Il motivo del malfunzionamento era dovuto dal fatto che l’immagine del SO con cui venivano instanziati i nodi era stata deprecata da Google e resa quindi non più disponibile. Grazie ai colleghi più esperti su GitLab abbiamo provveduto a sostituire l’immagine di cui veniva effettuata la pull con una più recente tra quelle messe a disposizione da Google per il cloud e la problematica è stata così risolta:

Analizzando l'errore riportato durante il tentativo di creazione del nodo runner abbiamo evinto che l'immagine su cui si basava il nodo non veniva trovata:

Error creating machine: Error in driver during machine creation: googleapi: Error 404: The resource 'projects/ubuntu-os-cloud/global/images/family/ubuntu-####-lts' was not found

A seguire, da console web, ci siamo accertati che l'immagine fosse effettivamente deprecata e la controprova è stata data anche dal seguente comando lanciato tramite Cloud Shell, che ha restituito un output vuoto:

gcloud compute images list | grep -i 'ubuntu-####*'

Tornando sulla console web abbiamo verificato quale fosse l'immagine immediatamente successiva e se fosse disponibile.

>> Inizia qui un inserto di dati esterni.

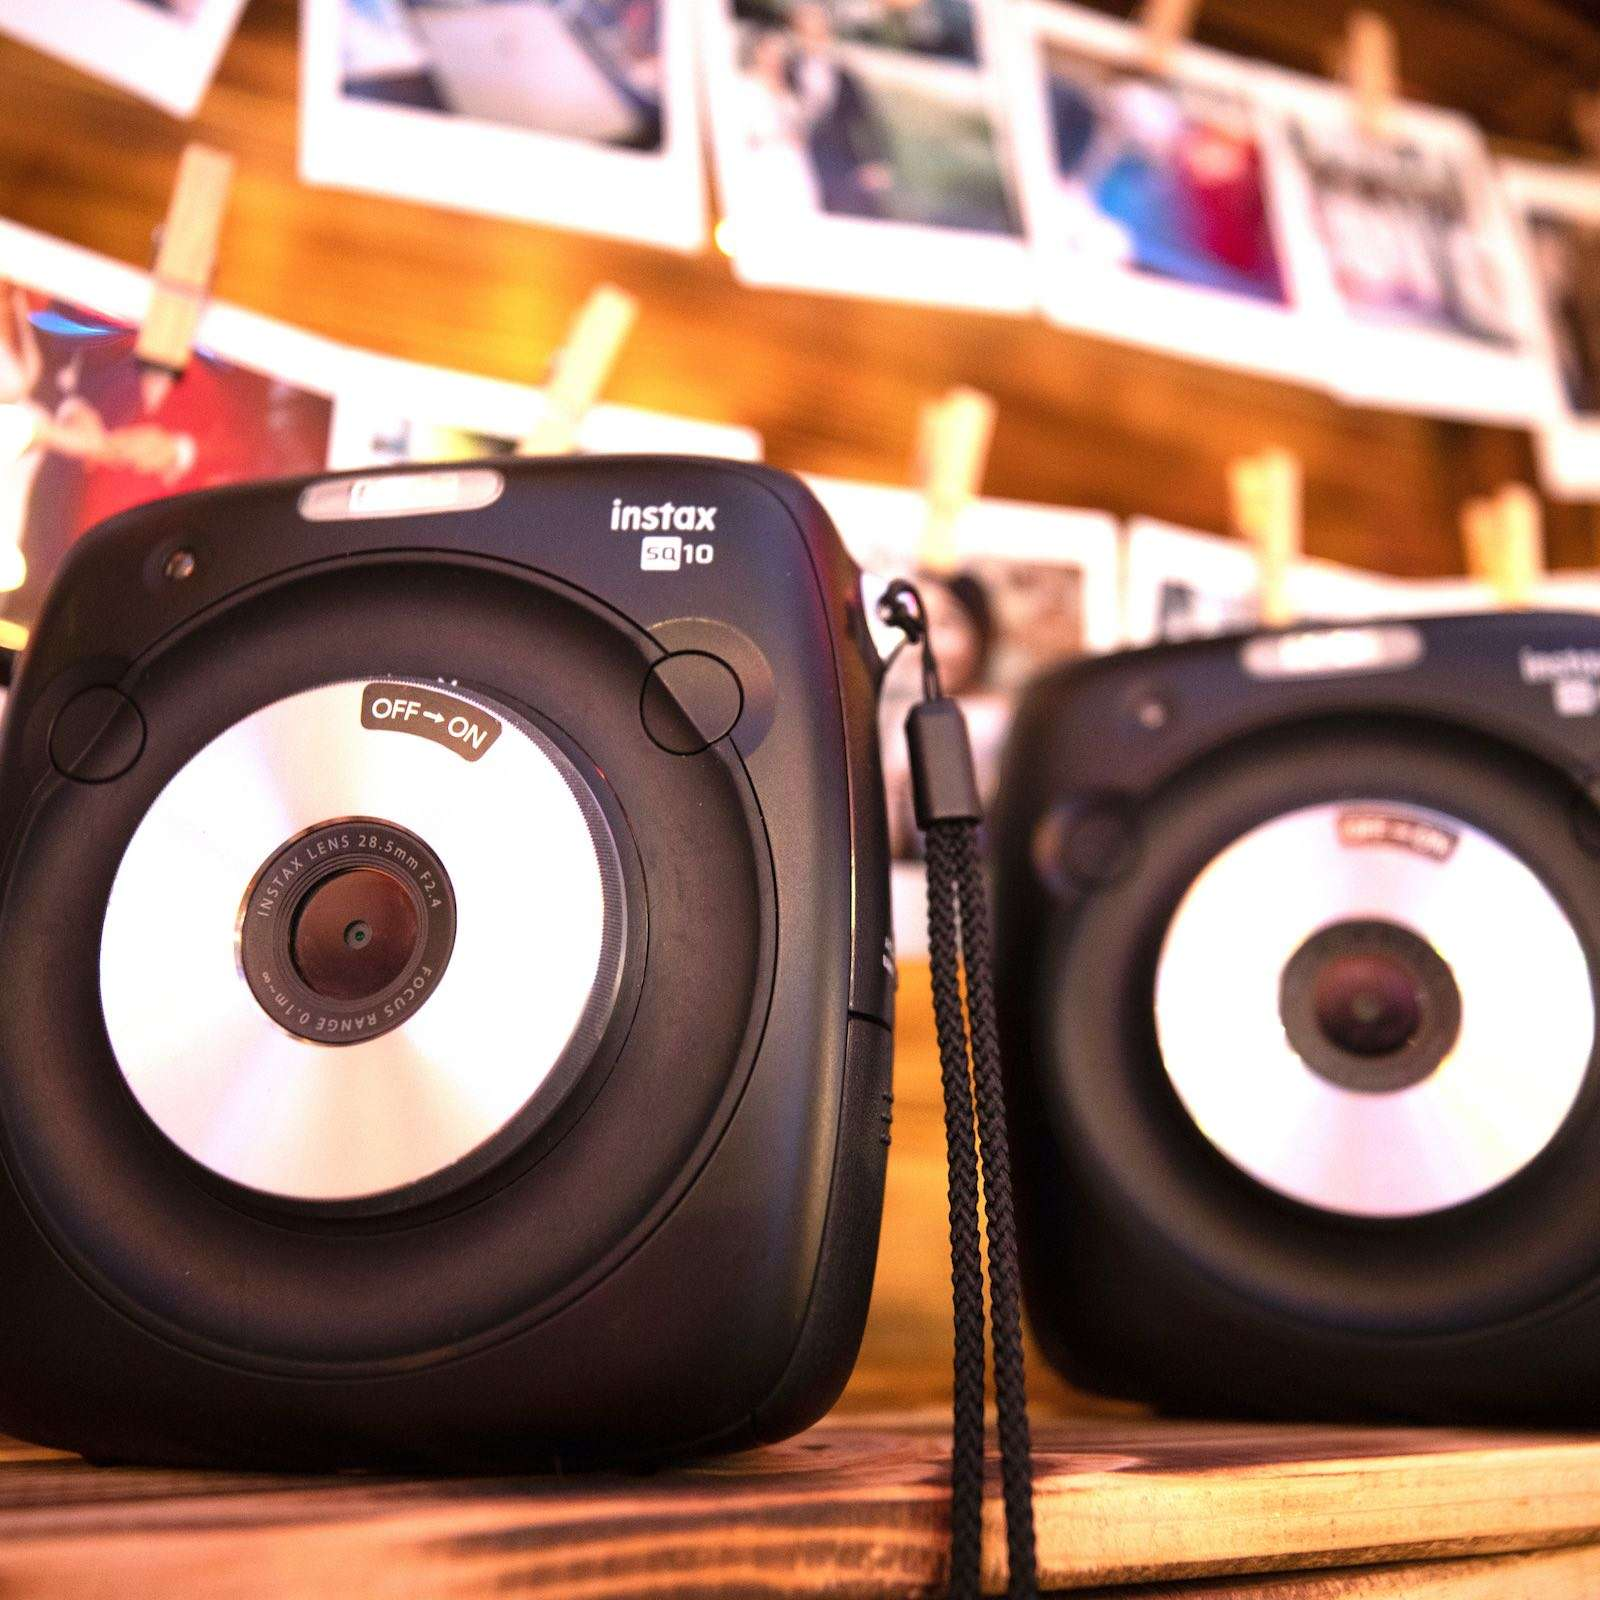 Polaroid | Instax | Kamera | Leihen | Hochzeit | Set | Koffer | Mieten | Anfragen | Buchen | Hochzeit | Event | Sofortbildkamera | Versand | Lieferung | Knipsel

Trovata la nuova versione dell'immagine e accertatoci che rispettasse eventuali matrici di compatibilità abbiamo provveduto ad aggiornare il file config.toml in modo che venisse utilizzata l'immagine corretta.

Questo ha permesso la creazione corretta dei nodi runner necessari e le pipeline sono ripartite correttamente.

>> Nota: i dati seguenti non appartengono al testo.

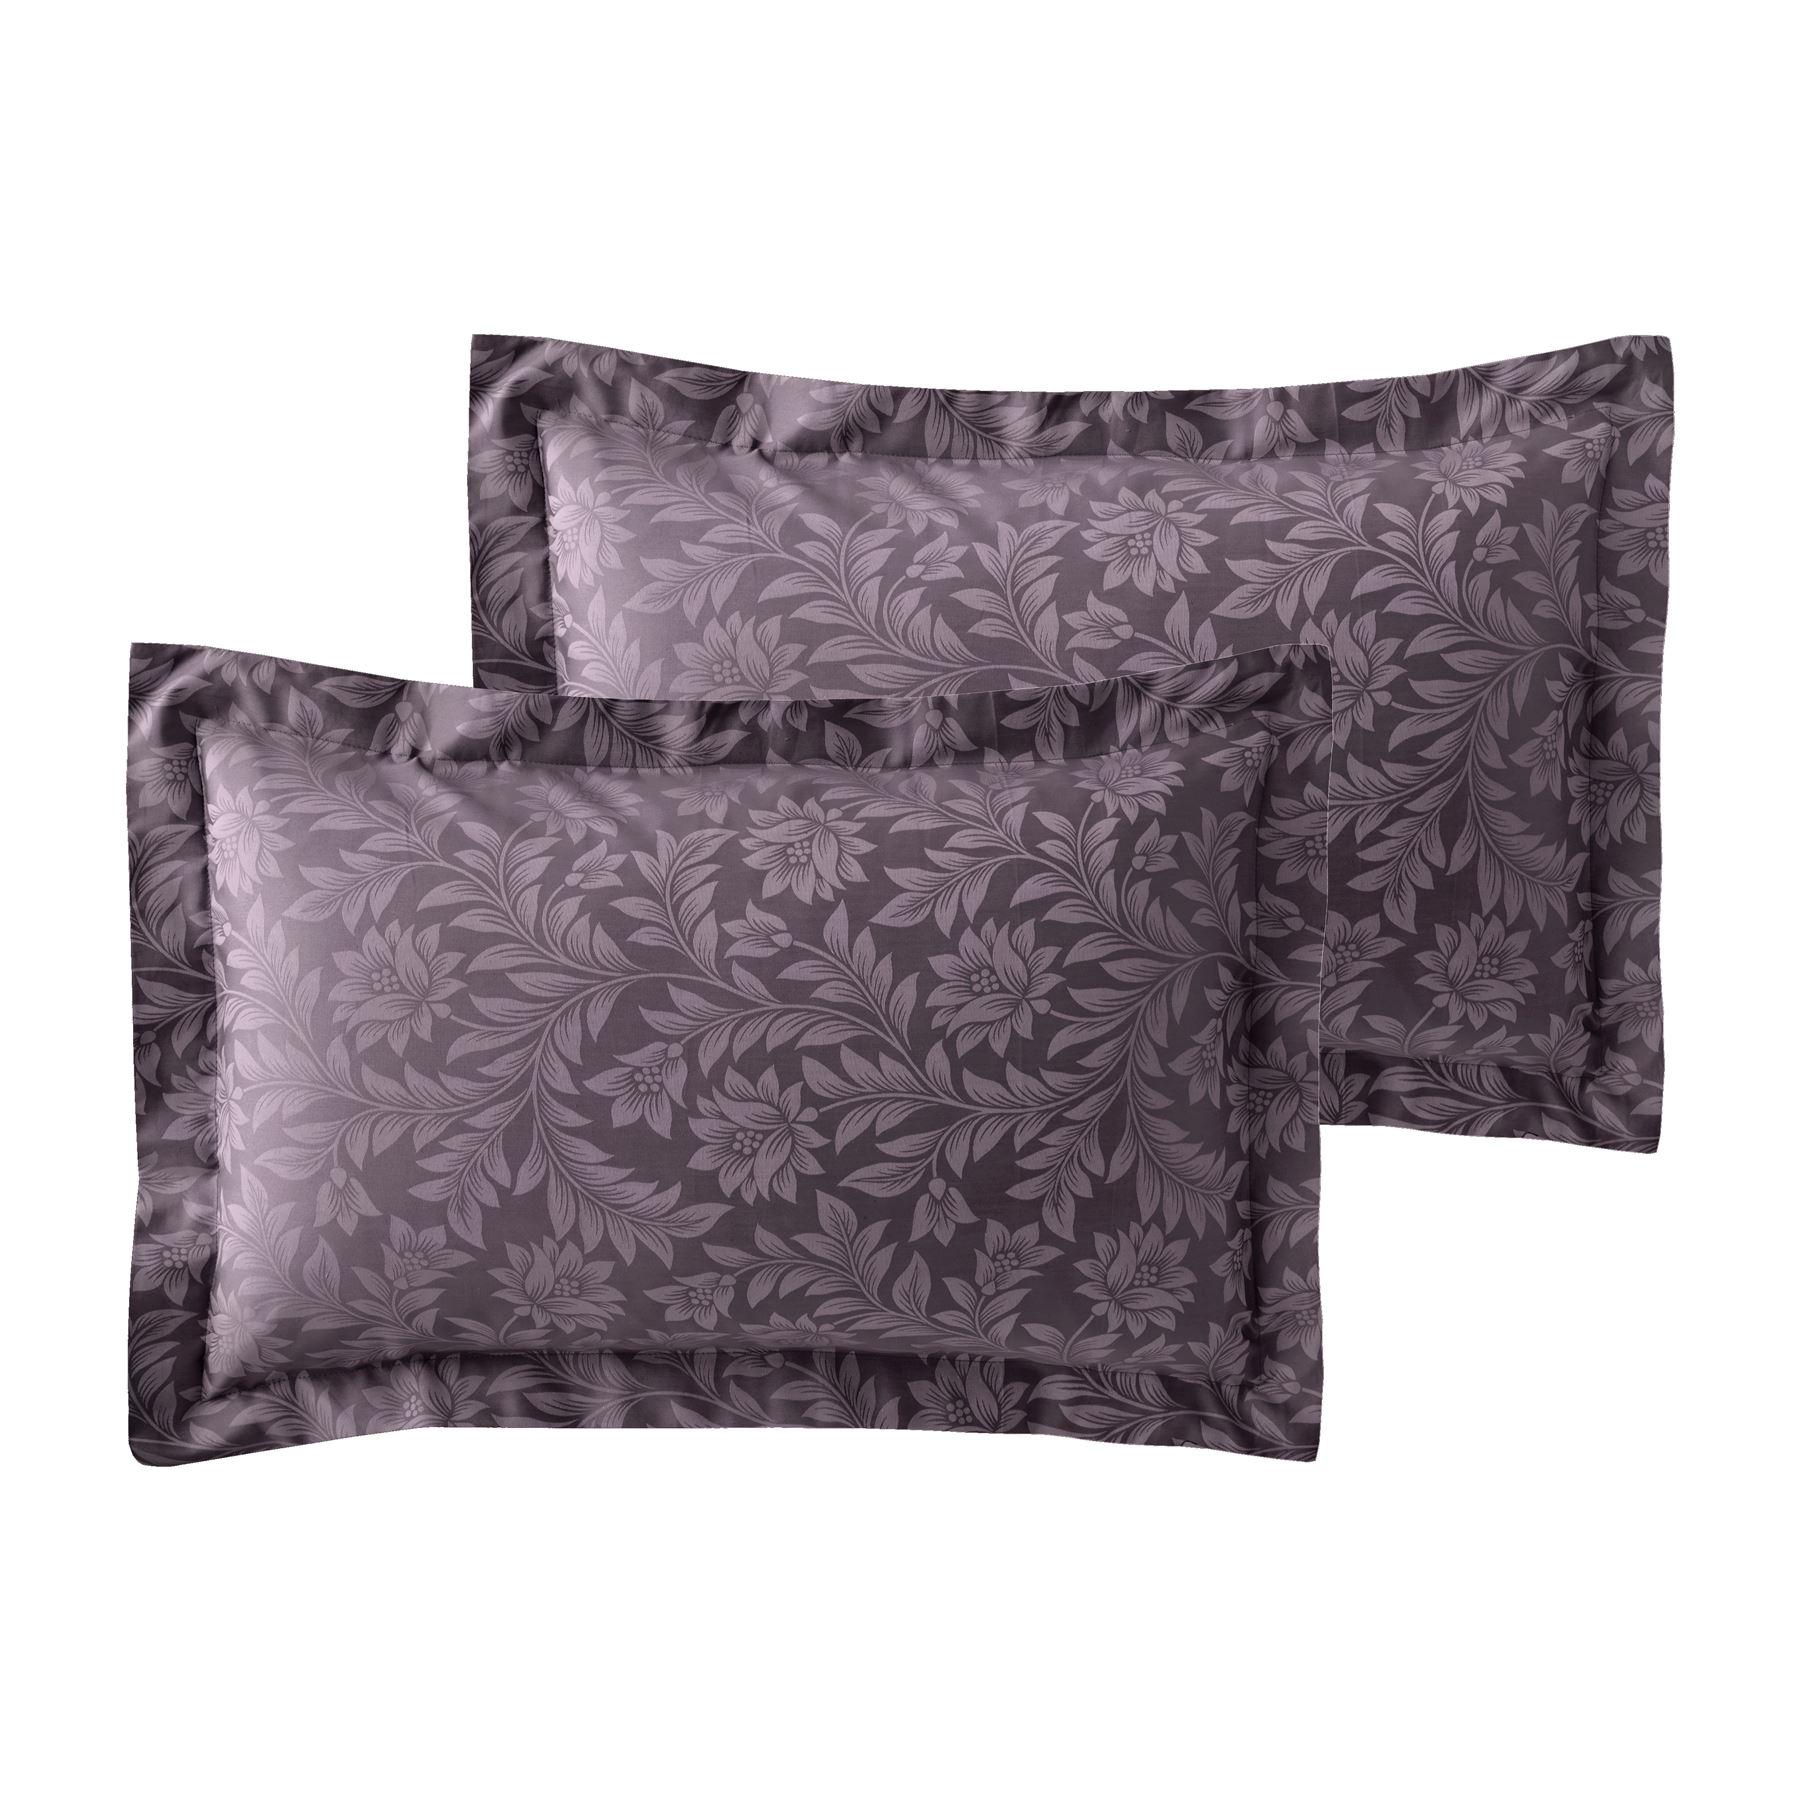 Jacquard-600-Hilos-De-Algodon-Rico-Floral-Duvet-Cover-Set-Fundas-de-almohada-Oxford miniatura 23

Il tutto è stato individuato, analizzato e risolto in tempi molto brevi cosiderata la natura sconosciuta dell’incident.

Diversamente, tale problematica sarebbe stata rimbalazata tra i vari sircle tecnici citati precedentemente presenti in NGMS per individuare la natura del problema (se di tipo cloud, infrastrutturale, applicativo…) aumentando sensibilmente il tempo di gestione nonché quello di risoluzione.

Tutto questo è stato possibile proprio grazie alla collaborazione ed integrazione delle diverse teconolgie sopracitata, insieme ai punti chiave citati nell’articolo della collega che vi invito a leggere.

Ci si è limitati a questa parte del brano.